■ Required work
Every line below must be copied as written, except for pictures.

■ Dataset excerpt
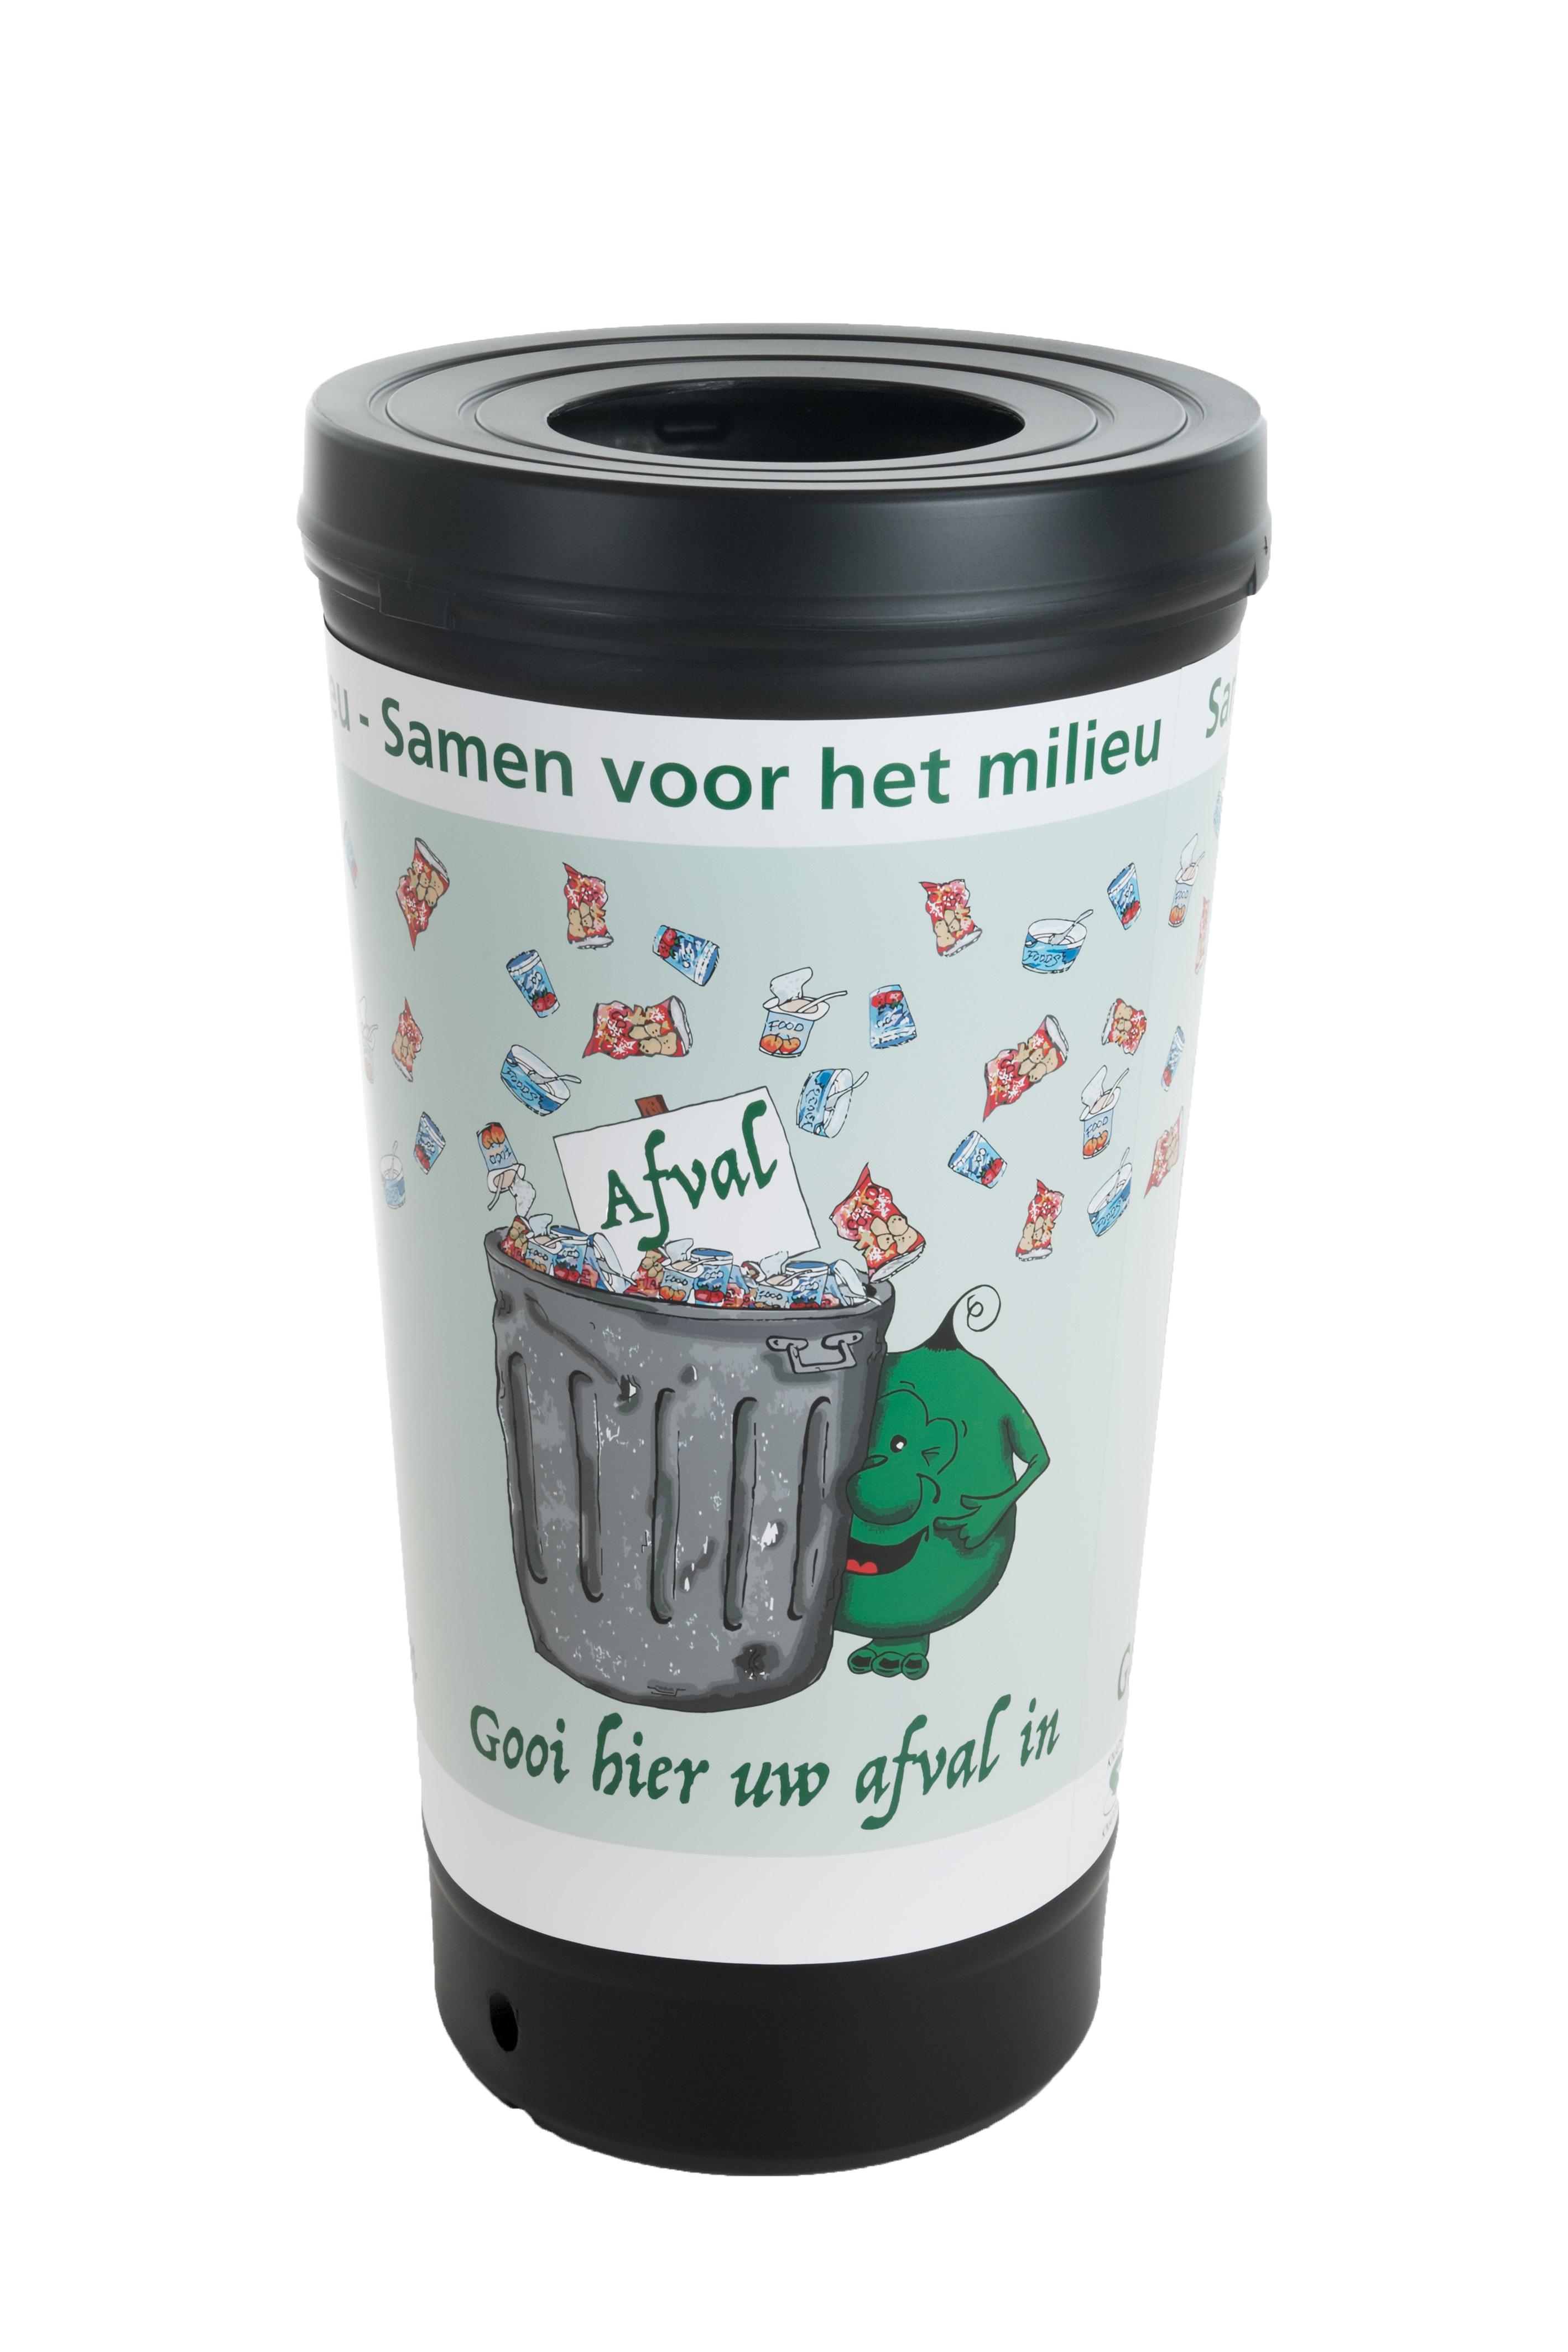 TRASHman grootvolume afvalbak, 210 liter (VB718443)
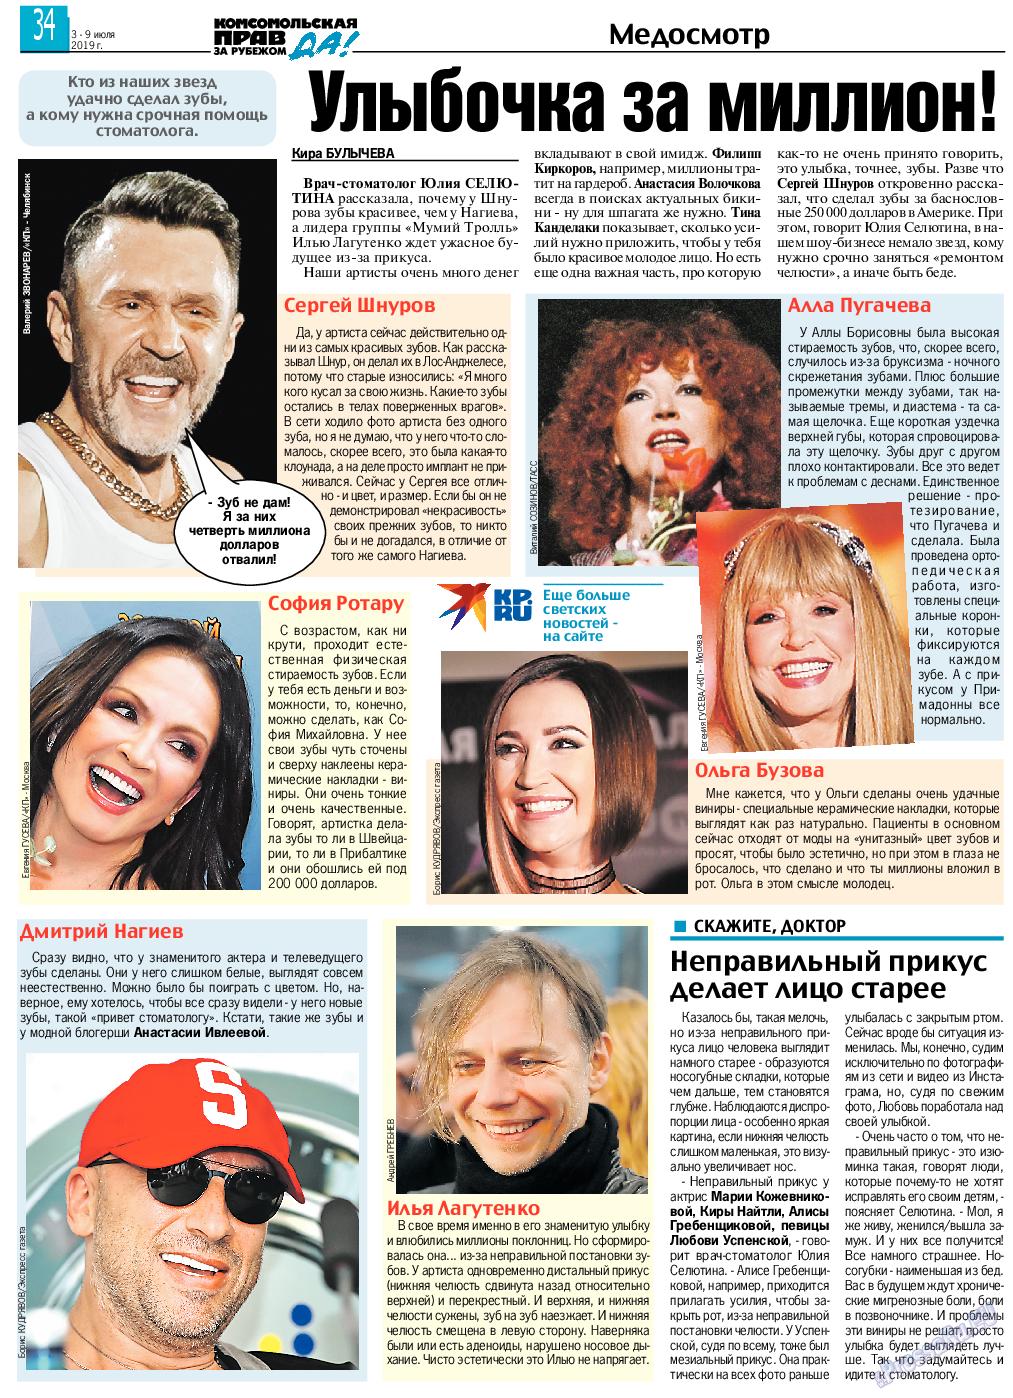 КП в Европе (газета). 2019 год, номер 27, стр. 34
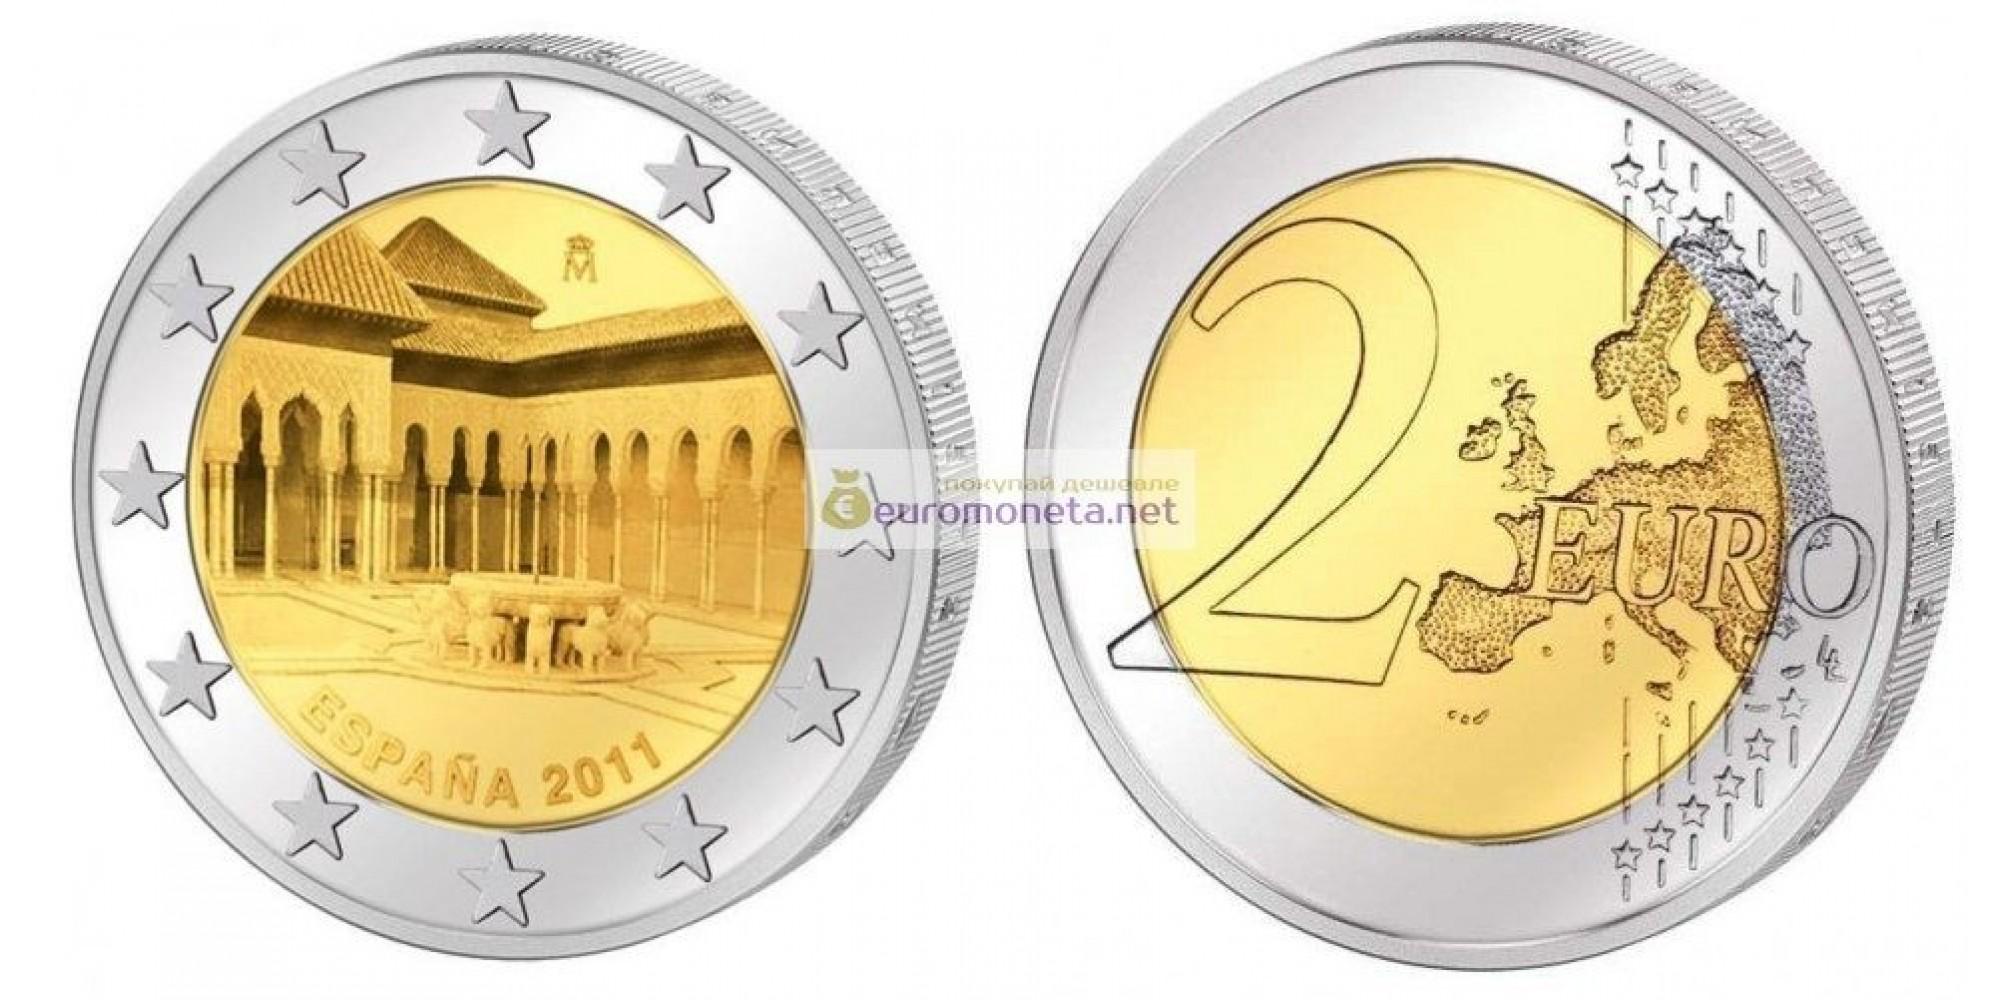 Испания 2 евро 2011 год ЮНЕСКО - Альгамбра, Хенералифе и Альбасин в городе Гранада, биметалл. АЦ

■ Finished task
 TRASHman grootvolume afvalbak, 210 liter (VB718443)
 КП в Европе (газета). 2019 год, номер 27, стр. 34
 Испания 2 евро 2011 год ЮНЕСКО - Альгамбра, Хенералифе и Альбасин в городе Гранада, биметалл. АЦ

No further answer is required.